Осознавая лежащую на ней ответственность, матушка не преминула по посещении монастырского врача объяснить своим дщерям, что мужской поцелуй необходим для их здоровья, и без дальнейших объяснений предписала им короля как некую мазь — которая оказывает превосходное действие и от которой они расцветают, о чем не догадываются другие сестры, каковые имеют все шансы исчахнуть в оболочке духовности, слишком суровой для естественного цвета их кожи. «Если соль морей исчезнет...» — гласит Писание.

Столичные красотки как раз такого мнения. Одна из них решилась поступить в послушницы и вот уже пять месяцев ждет знаменитого свидания, которое... которым наконец могла бы оправдать свою жертву.
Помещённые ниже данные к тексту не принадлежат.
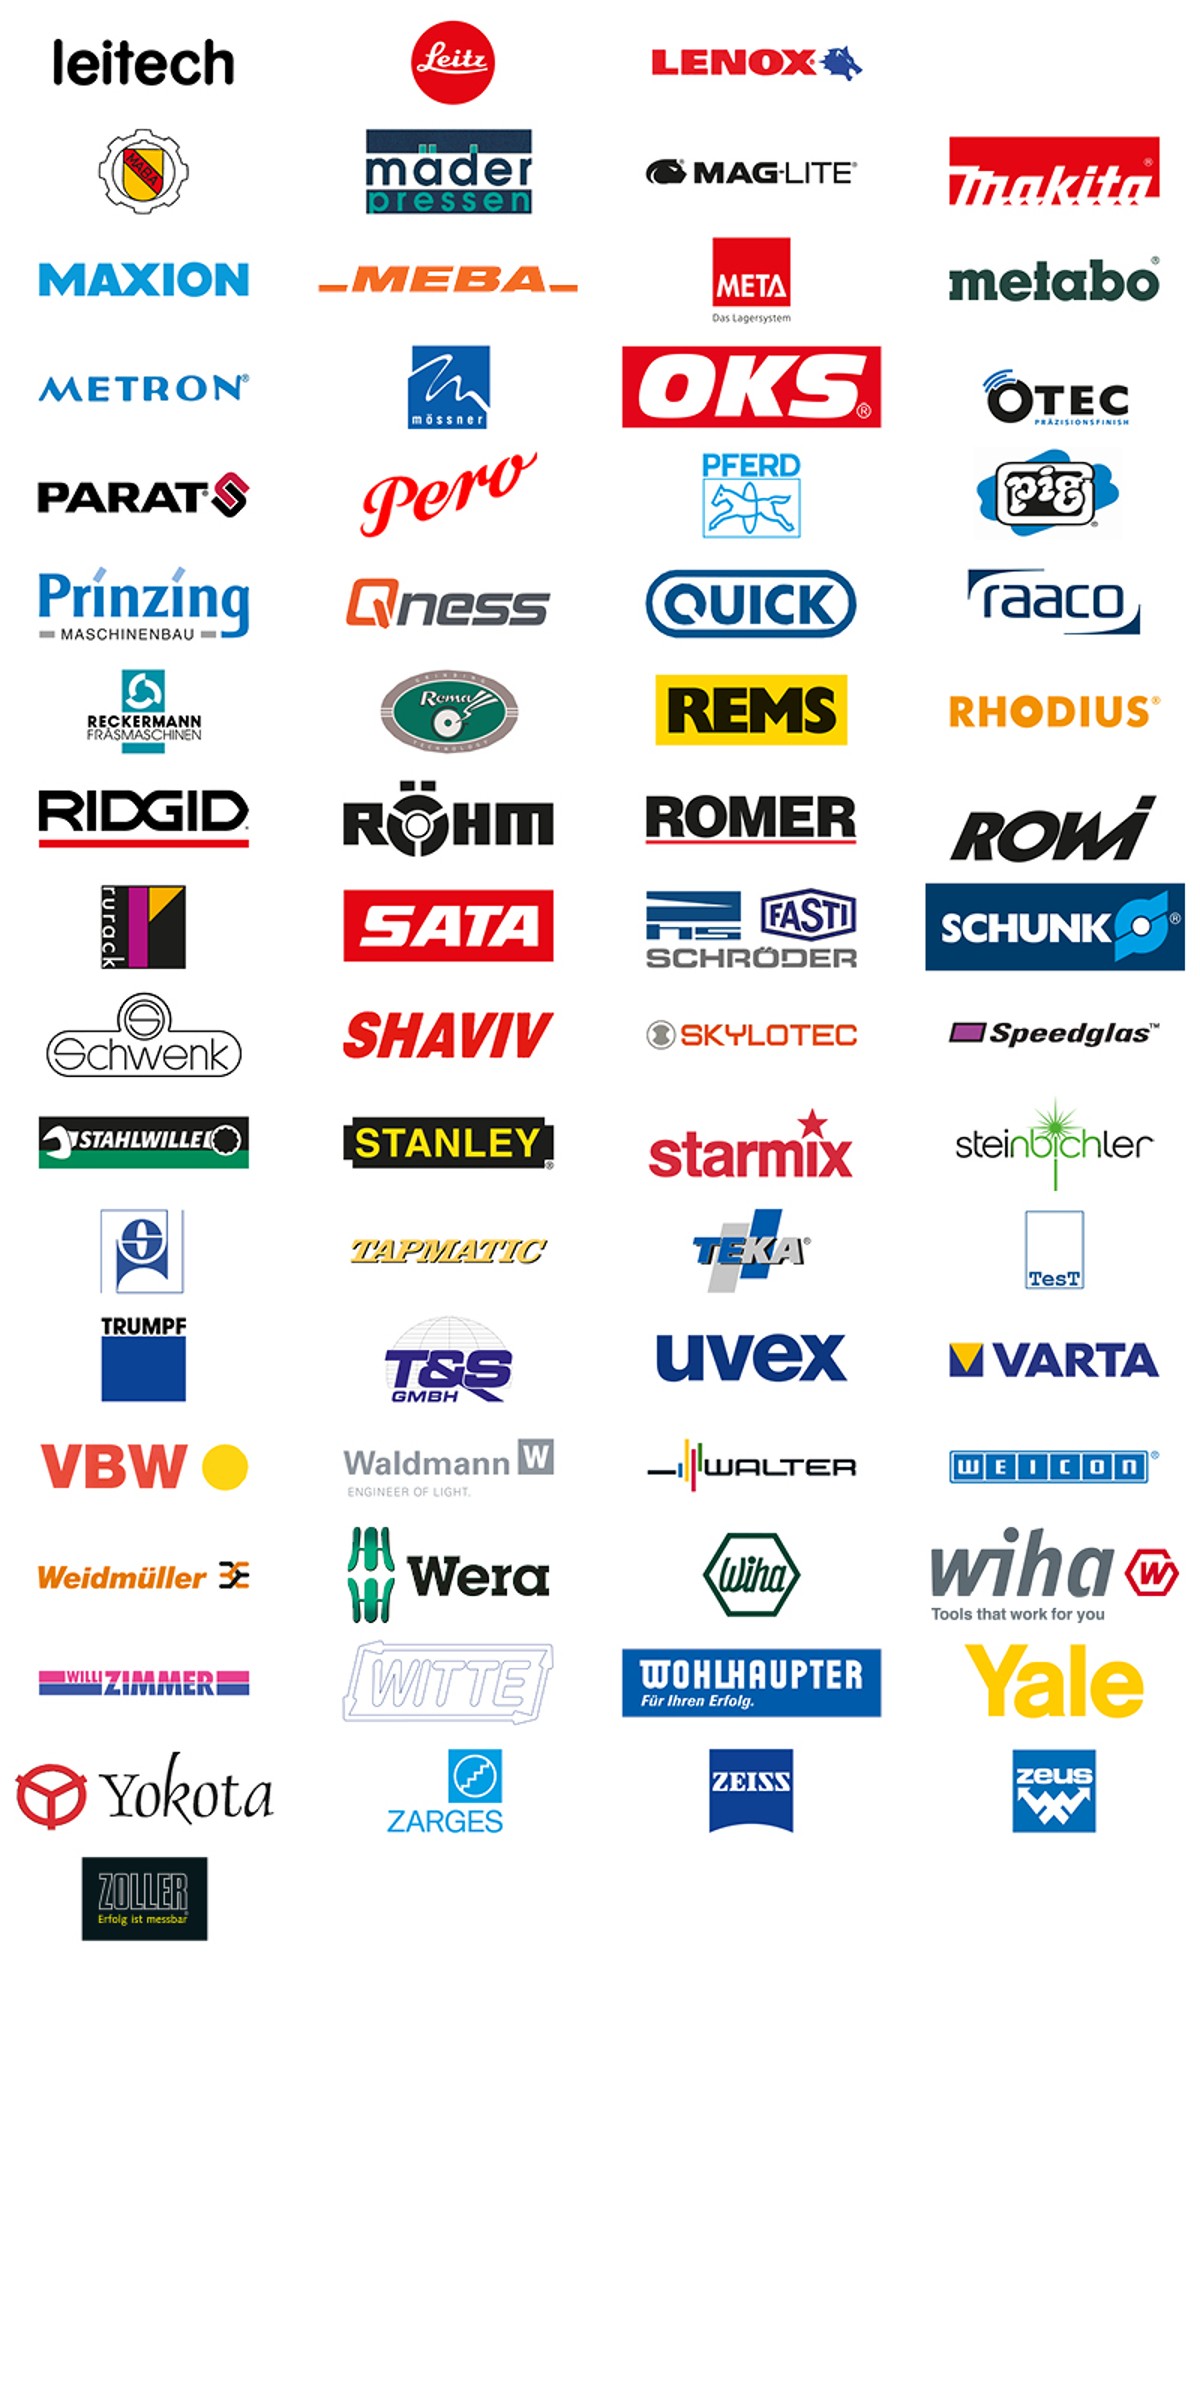 Supplier brands available from HAHN+KOLB

И вот в один прекрасный день ее наконец зовут. Мать-настоятельница, которой не понадобилось много времени, чтобы раскусить намерения дамочки, вводит ее в ванную комнату, где ей дозволяется омыть королевский дрын. Затем говорит:

— Отлично, дочь моя. Вы свободны.

«АВТОМОБИЛЬ — совсем как женщина, — говорит король, — лучше всего, если у тебя есть шофер». У всех его любовниц есть официальные мужья, которые о них заботятся, содержат, обеспечивают семейный очаг, насыщенную любовную жизнь, присовокупляя возможность иметь детей.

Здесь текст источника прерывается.